By the time it was Nader's turn to speak, the audience, a tad emotionally drained, seemed to take a deep breath and gear down for another huge ovation. Nader, almost overcome with emotion, laughed and shook his fists and flashed the crowd his natural, goofy grin -- and got down to work. He is not the most eloquent speaker (although I didn't find him nearly as dry as I'd been warned) and, yes, even a brilliant man can mangle a syll-able or two.

But it's different. He's not trying to sound presidential or compassionate, or to sound like you or me. Mostly, he is so stocked with years of research and knowledge, and so caught up in his own inherent fervor, that sometimes his mouth can't keep up with the engines of his brain.

For those citizens there simply out of curiosity or out of debate fatigue, Nader's speech proved one of the simpler reasons why neither Bush nor Gore would want to debate him. He is simply too smart, too prepared, too relentless.

He spoke for a long time, as predicted. The last time he had spoken at Madison Square Garden was in 1979 at a No Nukes rally, after which no more nuclear plants were ordered in the United States.

"Welcome to the politics of joy and justice," Nader began. "We are building a historic, progressive political movement in America. No matter what people call themselves, the attitude is that they've lost control ... of even their own human genes to these giant corporations. It's time for Americans to take control of the commonwealth they already own."

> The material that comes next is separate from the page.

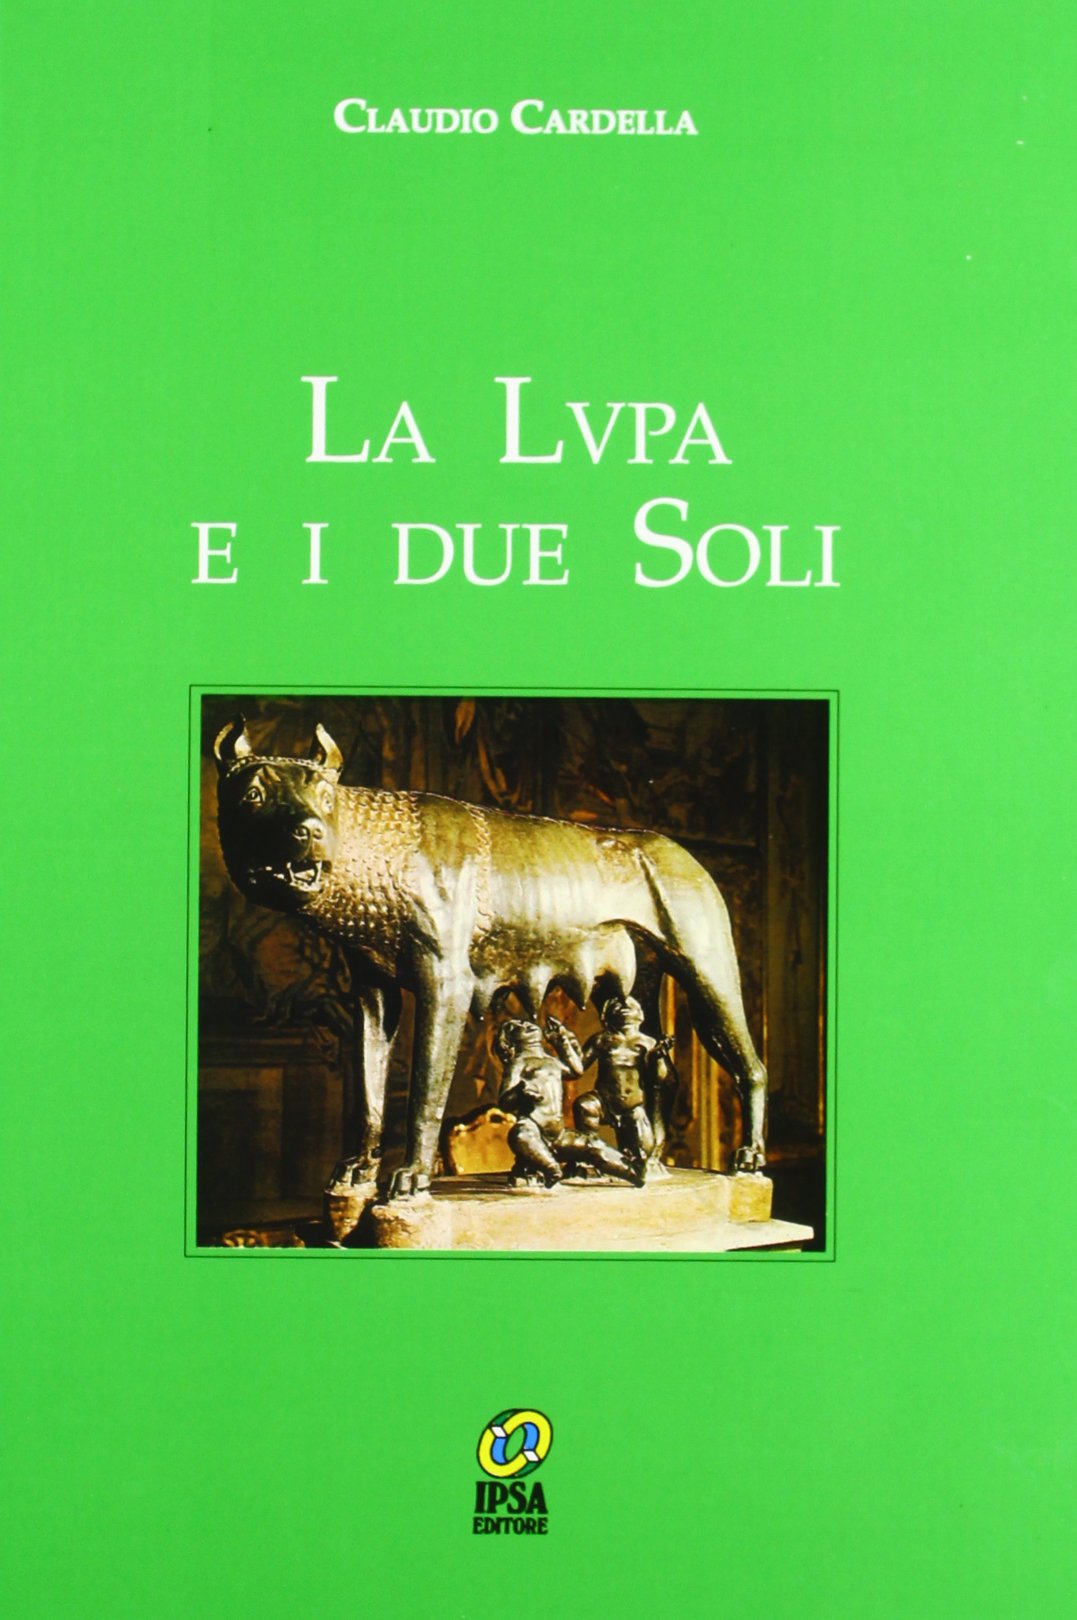 Libri Claudio Cardella - La Lupa E I Due Soli NUOVO SIGILLATO, EDIZIONE DEL 01/01/1997 SUBITO DISPONIBILE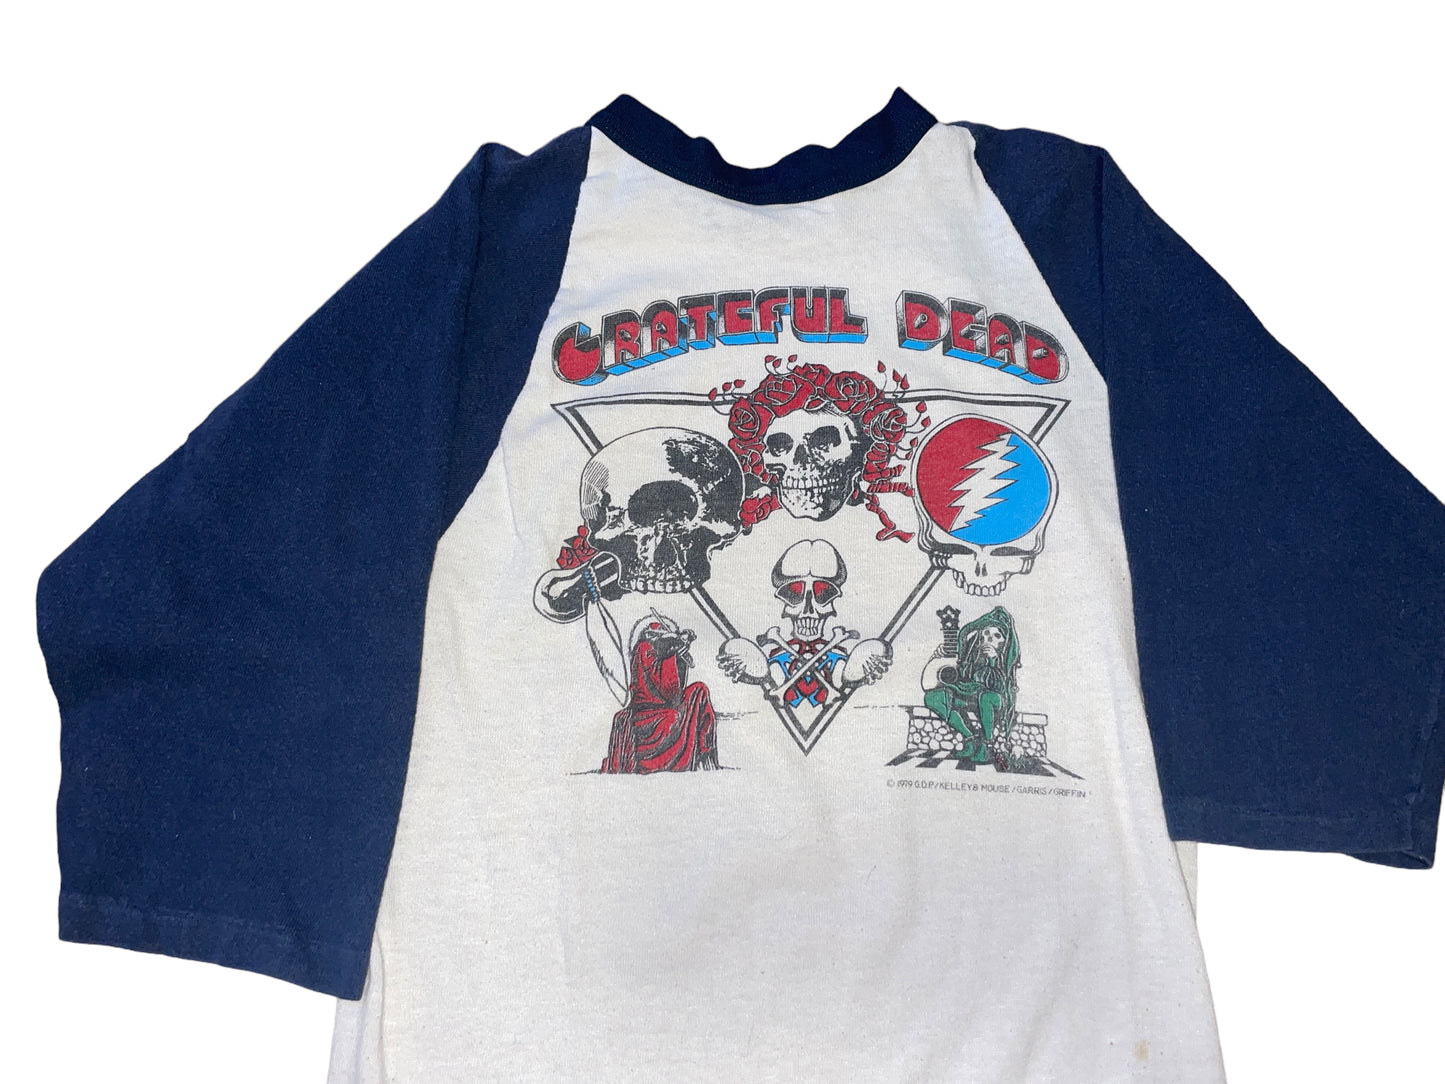 Vintage 1979 Grateful Dead Shirt

He asked the crowd to imagine if TV stations had to pay rent for public airwaves; if they should let our public lands be "pillaged and plundered" by foreign interests; if political parties stopped acting like "Tweedledum and Tweedledee"; if big corporations didn't subvert the people's right to maternity leave, sick leave, proper public transit systems and adequate pensions.

Nader indicted the waste industry, the lead industry and the insurance industry. He indicted Democrats who voted for Antonin Scalia and Clarence Thomas to join the Supreme Court, and pointed out that homelessness was up 200,000 in the last two years.

"The major public housing project in this country is building prison cells," he said.

He mocked the civil-rights efforts of Clinton and Gore: "I'm sick and tired of white politicians like Clinton and Gore going into black churches with that rhythmic cadence, pandering to the people."

After the crowd erupted in one of many chanting rounds of "Let Ralph debate," Nader began to nod. He rarely spoke directly about himself but at this point, he took the invitation to do so.

"I'll say one thing to you," he responded. "If I was on those three debates, this election would be a lot different, indeed."

He ended with a rousing call to untapped voters. "To the 51 percent of nonvoters who sat out: Don't drop out of democracy. We need you -- we even need your skepticism."

Celebrities and suits then sang along with Patti Smith as the intoxicated crowd roared and then began to disperse. Outside, energy spilled out onto Seventh Avenue.

"Overwhelming," said Elan Golomb, a New Yorker. "He had so much information and he tied it all together. You can put your head in the sand, but not for too long."

"If Ralph were in the debates, he would win," piped in the man beside her.

It's implausible that all 15,000 or so who gathered Friday will vote for Nader on November 7. But I do think that they all shared in the rare sentiment that Bill Murray expressed at the end of his speech: "I like being here. It feels good."


By Suzy Hansen

Suzy Hansen, a former editor at Salon, is an editor at the New York Observer.